3. Ao considerar um caso de rejeição de carga com a abertura do disjuntor D5. A redução


brusca da carga indutiva, que passa a ser capacitiva (linha aberta), ocasiona um
aumento de tensão no barramento.

4. E ao considerar um curto-circuito fase-terra no ponto C.

Portanto, a operação do sistema elétrico deve conhecer os valores de magnitude, forma,


frequência e duração das sobretensões.

2.2 Sobretensões

As sobretensões podem ser definidas como tensões transitórias, variáveis com o tempo, cujo
valor máximo é superior ao valor da crista das tensões máximas de operação do sistema.
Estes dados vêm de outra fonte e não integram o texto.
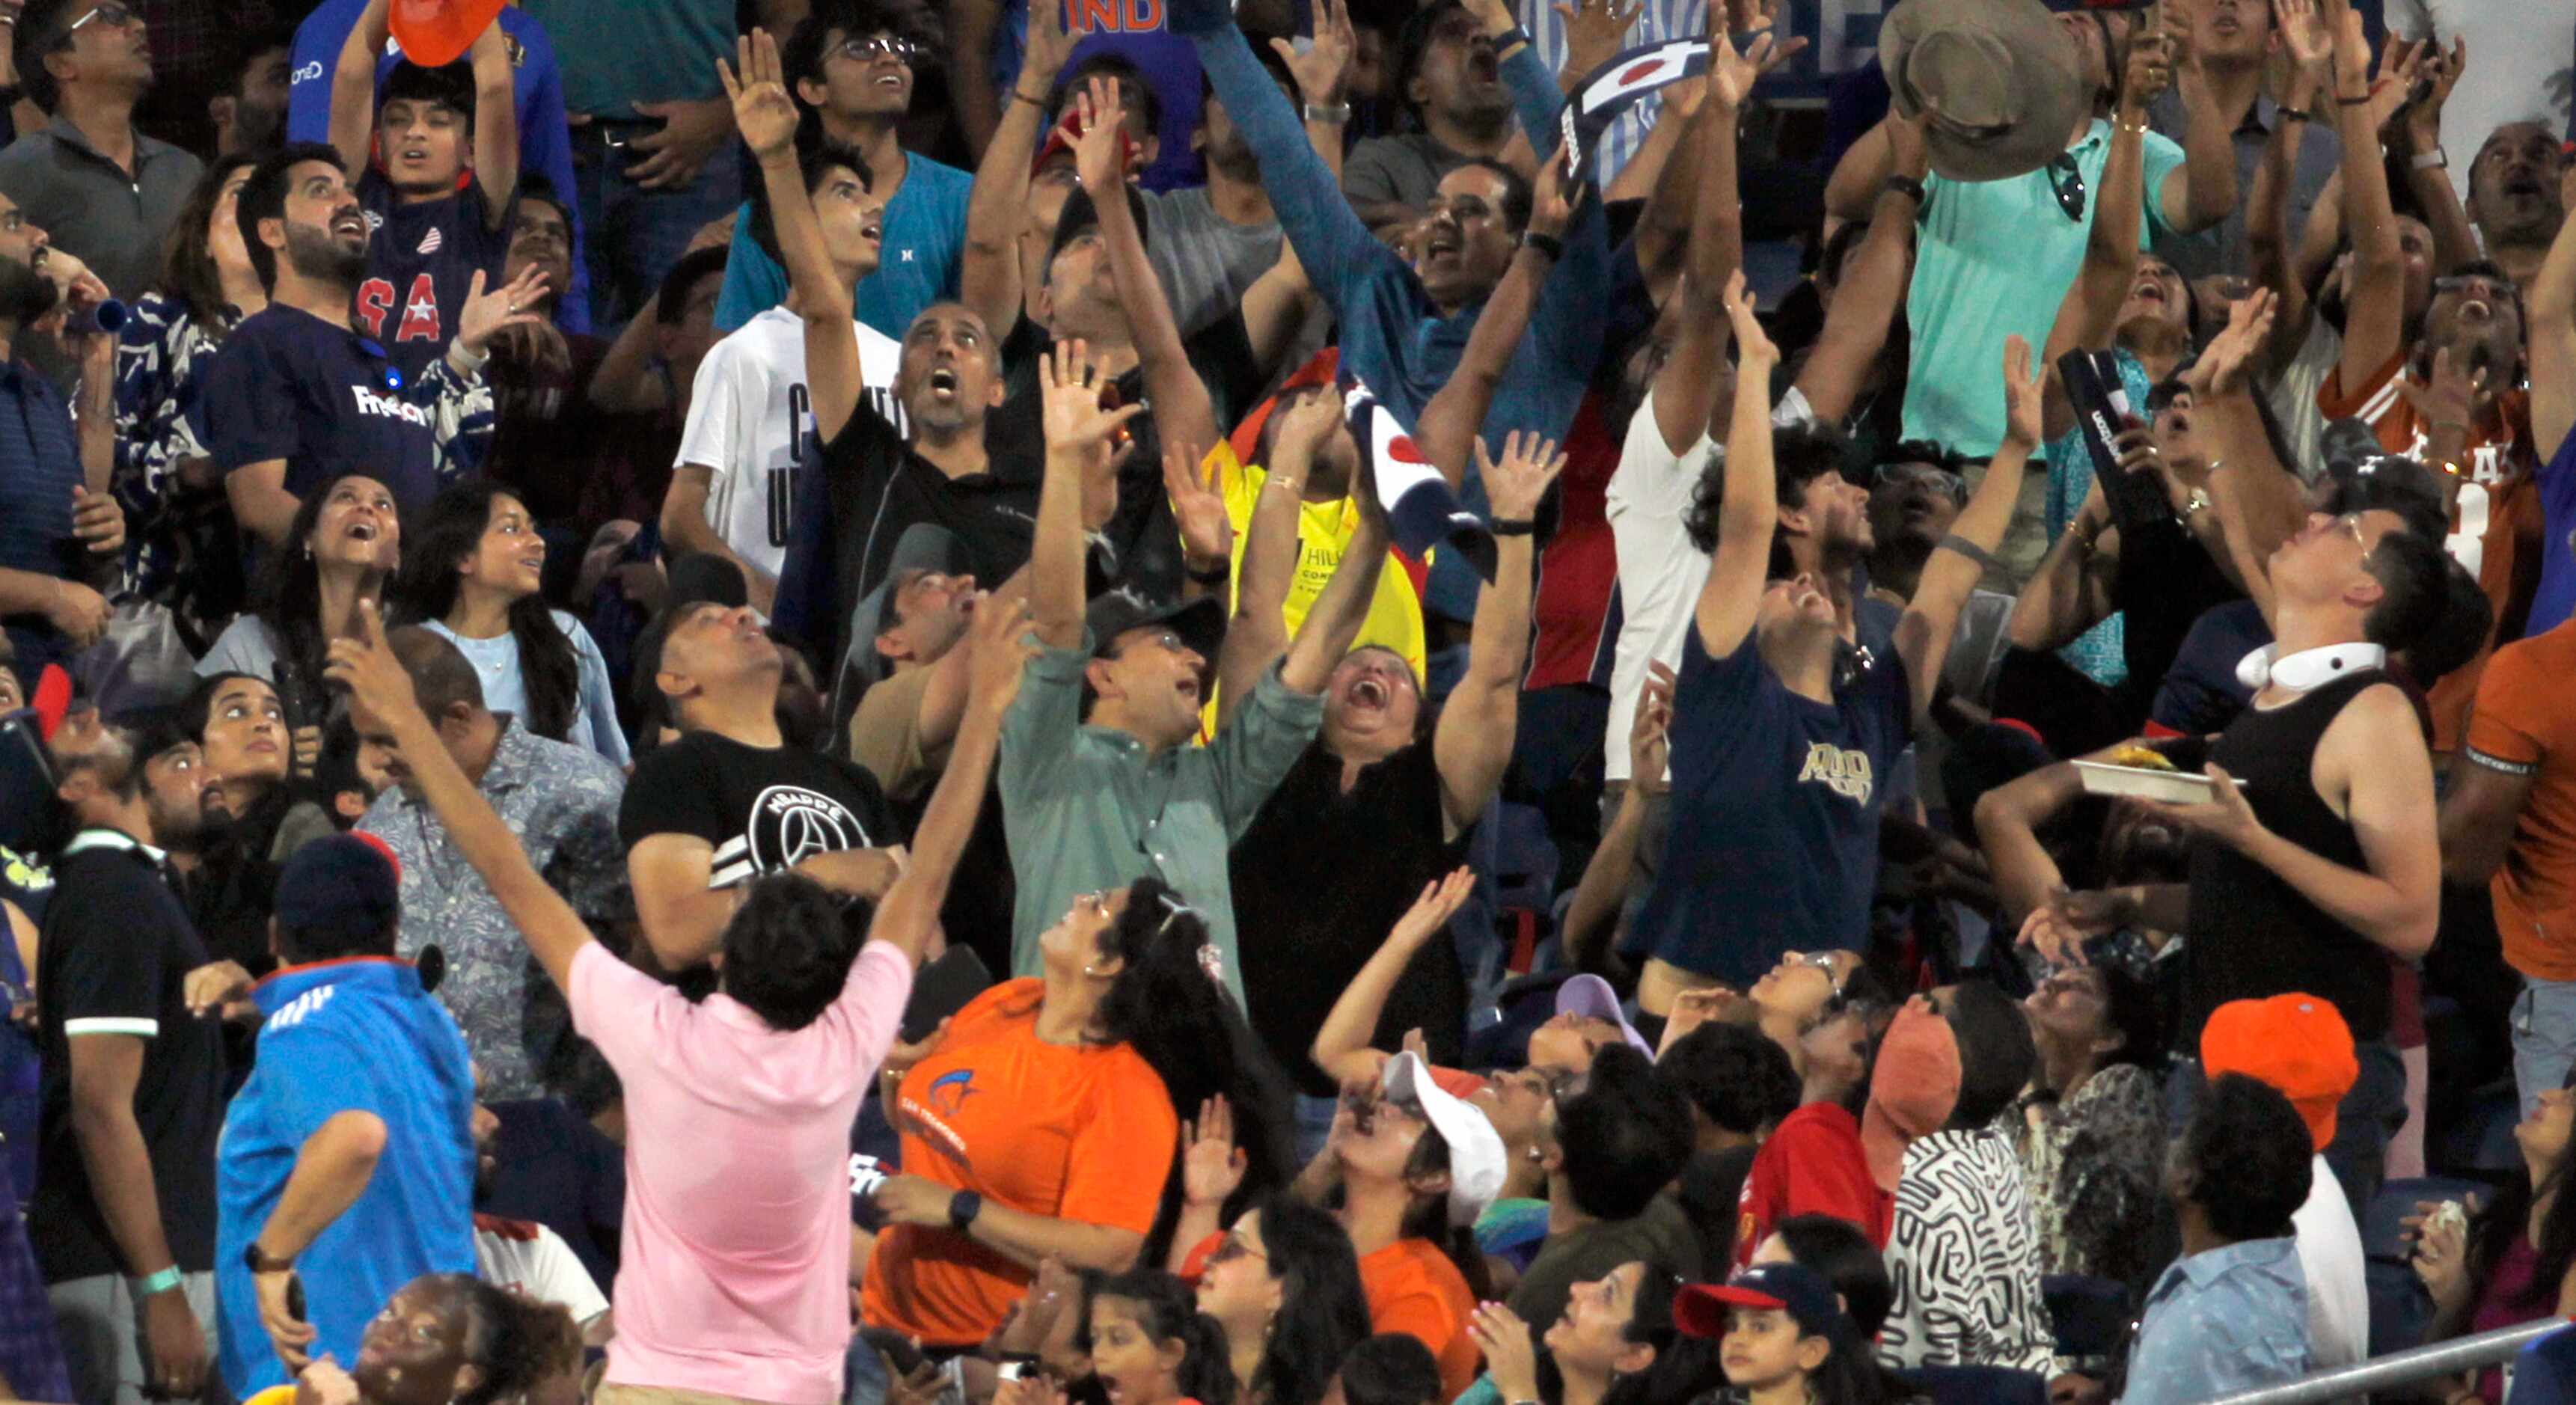 Cricket fans track a long fly ball that sailed into the stands from the wicket of a...

De forma geral, podem-se caracterizar dois tipos de sobretensões:

(a) os de origem interna: manobras de disjuntores ou curto-circuito;

(b) e os de origem externa: descargas atmosféricas.

De acordo com o grau de amortecimento e a duração, a distinção pode ser realizada em duas
categorias gerais: sobretensões impulsivas e sobretensões oscilatórias.

Ou três categorias específicas: sobretensões de manobra, sobretensões atmosféricas e


sobretensões temporárias.

A determinação das sobretensões fornecem subsídios para a coordenação de linhas e


subestações, bem como, para a especificação dos equipamentos, influenciando diretamente
na QEE.

2.2.1 Sobretensões Atmosféricas

As sobretensões atmosféricas são sobretensões fase-terra ou entre fases, em um dado ponto


do sistema, devido a uma descarga atmosférica.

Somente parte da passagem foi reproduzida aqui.